Short-lived conviction is a poor basis for a durable expense

Preventing lifestyle creep: applying rules-of-thumb

Questioning our inner narratives can be highly effectively at constraining our spend. However, if you are the kind of person who likes to live by rules, here are some suggestions:

The most important constraint is on fixed costs. Housing, vehicles, subscriptions, and other recurring commitments are where lifestyle creep really bites. Skipping a $5 coffee saves you $1,800 a year. Choosing a 3-year-old car over a new one saves $15,000 in depreciation the moment you drive off the lot. Focus on the “macro-frugality" items that happen once every five years, not the daily micro-decisions. A simple rule is to cap fixed cost growth at or below inflation, unless there is a deliberate, one-time life change that justifies it (hello, fresh baby!). 

Pre-commit income increases before you experience them. A raise or bonus, by itself, is not a reason to spend more. This is not rocket science: if a raise flows fully into your bank account, it will almost certainly be absorbed. If, instead, the majority is diverted immediately into investments or other forms of wealth-building, your lifestyle never adjusts to the higher level. This is not about willpower; it is about controlling exposure. When most of the raise is invisible, it cannot reset your expectations.

Constrain new spending by replacement rather than addition. Requiring that any new recurring cost be offset by removing or reducing an existing one forces tradeoffs. It converts an open-ended expansion into a closed system, where improvements in one area must be funded by reductions in another. This is as directly anti-creep as you can get!

Pick a few things where you’re going to splurge. I’ve noticed that date night dinners at run-of-the-mill restaurants are not particularly memorable; when I think about special moments with my wife in the past year, I often can’t recall where we went or what we ate. But if we go out for a particularly nice or off-the-wall experience, it’s usually way more fun and sticks with me.

Final thoughts

Lifestyle creep is ultimately not about whether we occasionally spend more money as our incomes rise. It is about whether higher earnings translate into greater freedom, flexibility, and long-term security—or simply into a more expensive version of the same life. The occasional indulgence or carefully chosen upgrade is not the problem; it’s the unconscious ratcheting upward of our baseline until our future options quietly disappear. The irony is that many of the purchases that feel like signs of success can, over time, make us less financially resilient and less free.

So perhaps the most useful question we can ask ourselves is not “Can I afford this?” but “What kind of life does this commit me to maintaining?” Most lifestyle upgrades are not really purchases; they are agreements with our future selves. Some of those agreements are worthwhile; many are not.
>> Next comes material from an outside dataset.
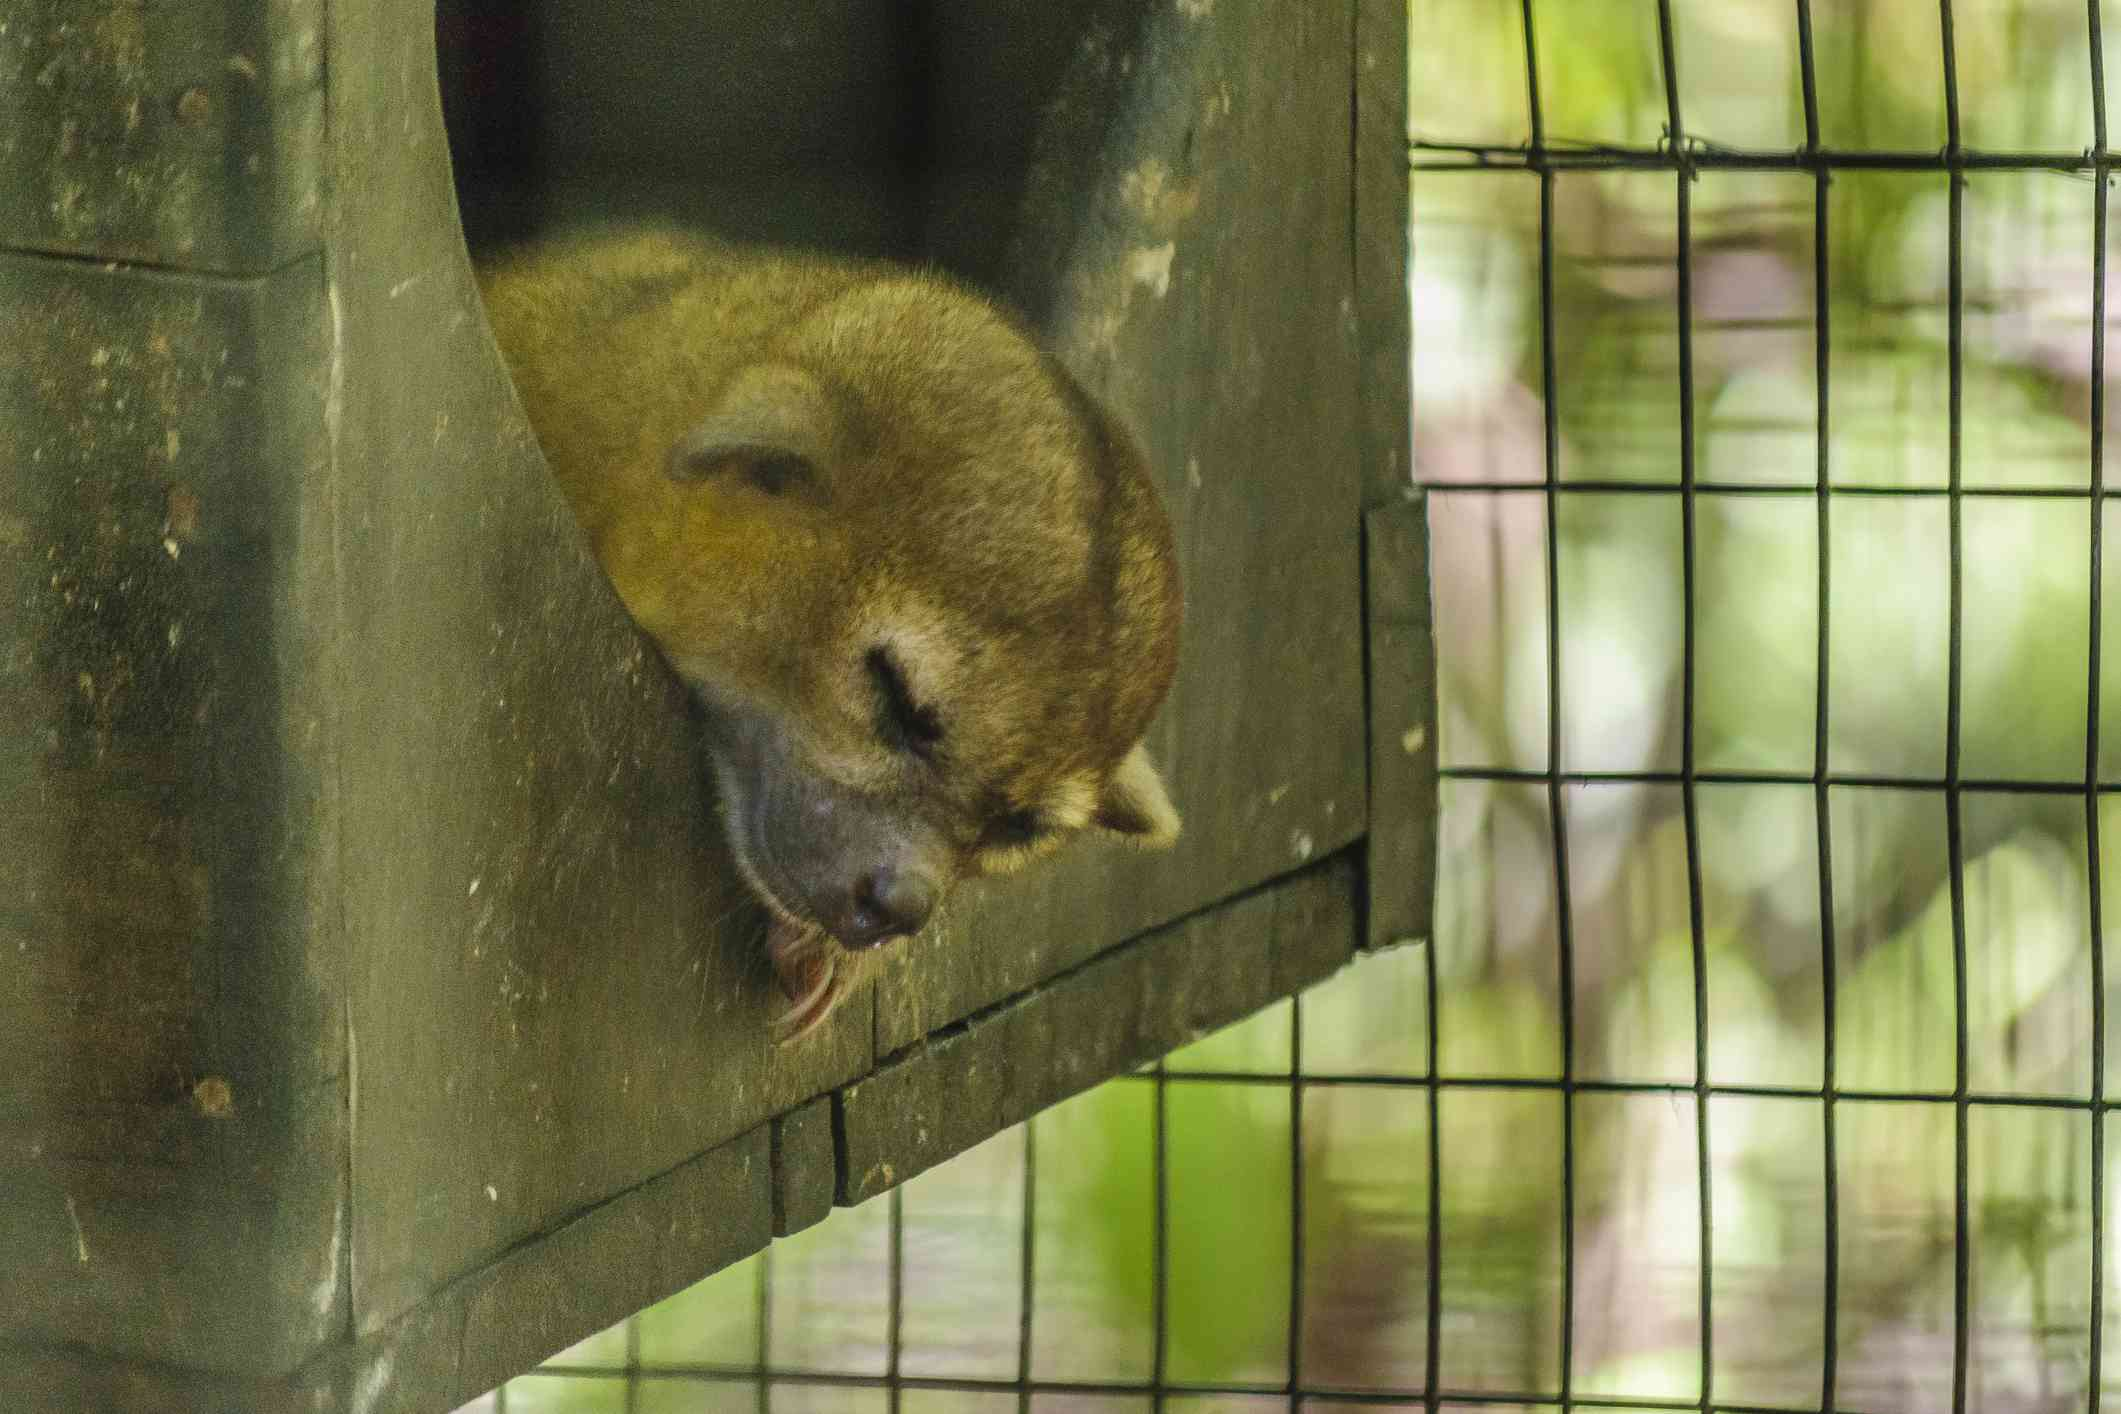 Young sloth at historic park in Guayaqui, Ecuador

The challenge is to become conscious of which is which before the spending becomes embedded in our expectations and difficult to reverse.

If reading this essay has done anything, I hope it has encouraged you to look at your own spending not through the lens of deprivation or indulgence, but through the lens of optionality: whether your financial decisions are expanding your future choices, or quietly narrowing them.